Giant's kettles are common in Germany (gletschertopf; glacier pot), Sweden (jättegryta), Finland (hiidenkirnu; hiisi's churn), and Moss Island in the United States.

In Sweden, they are found in relatively large numbers along the Bohuskusten as well as in the Stockholm area, and in Blekinge. For example, a giant pot can be seen under glass in the foundation of Solna's old courthouse in Hagaparken. There are also a number of giant pots on the island of Blå Jungfrun in northern Kalmarsund outside Oskarshamn. The Brobacka Nature Reserve, Sweden, located outside Alingsås between the lakes Mjörn and Anten, contains one of the country's most impressive areas with giant's kettles, boasting around forty excavations, where the largest one, with its 18 m diameter, stands out. The giant's kettles can be accessed via the Brobacka Nature Center, and the location offers views over Lake Mjörn.

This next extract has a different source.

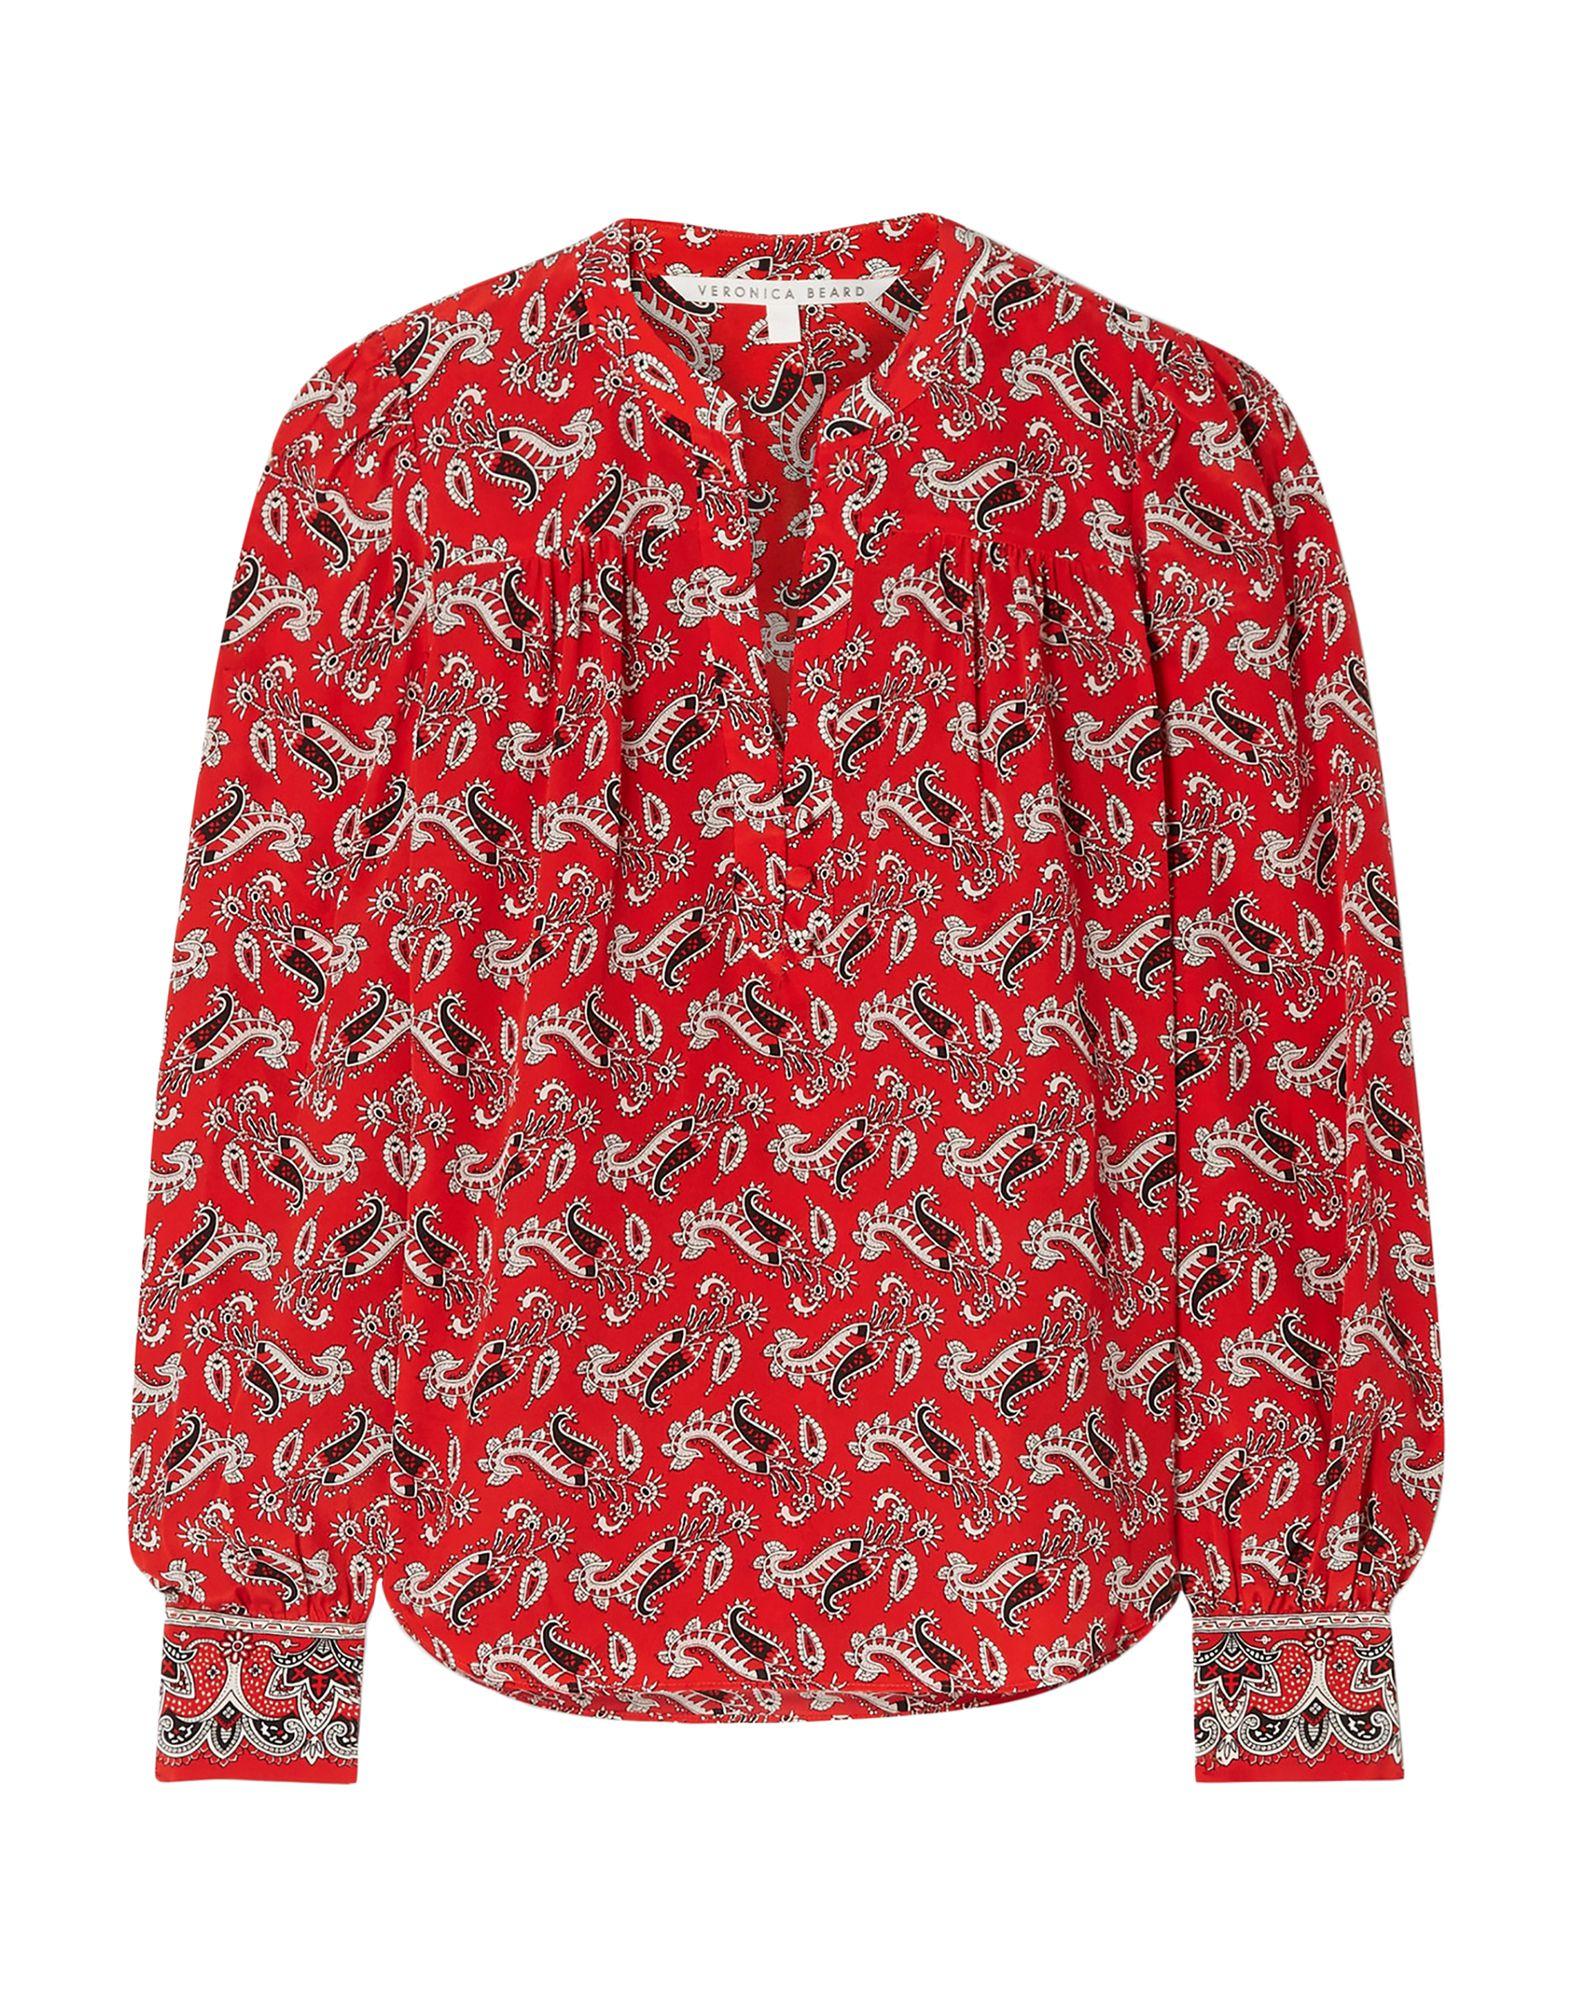 VERONICA BEARD Blouses. crepe, no appliqués, paisley-print, front closure, button closing, long sleeves, buttoned cuffs, v-neck, no pockets. 100% Silk

Helvete in Gausdal Municipality, Norway, is a gill about 100 m deep with giant's kettles (jettegryter) up to 20 m wide and 60 m deep. The GletscherGarten of Lucerne (Switzerland) is famous for its giant's kettles, having 32 in number, the largest being 8 m wide and 9 m deep.

Another example is the large pothole found in Archbald, Pennsylvania, United States, in Archbald Pothole State Park.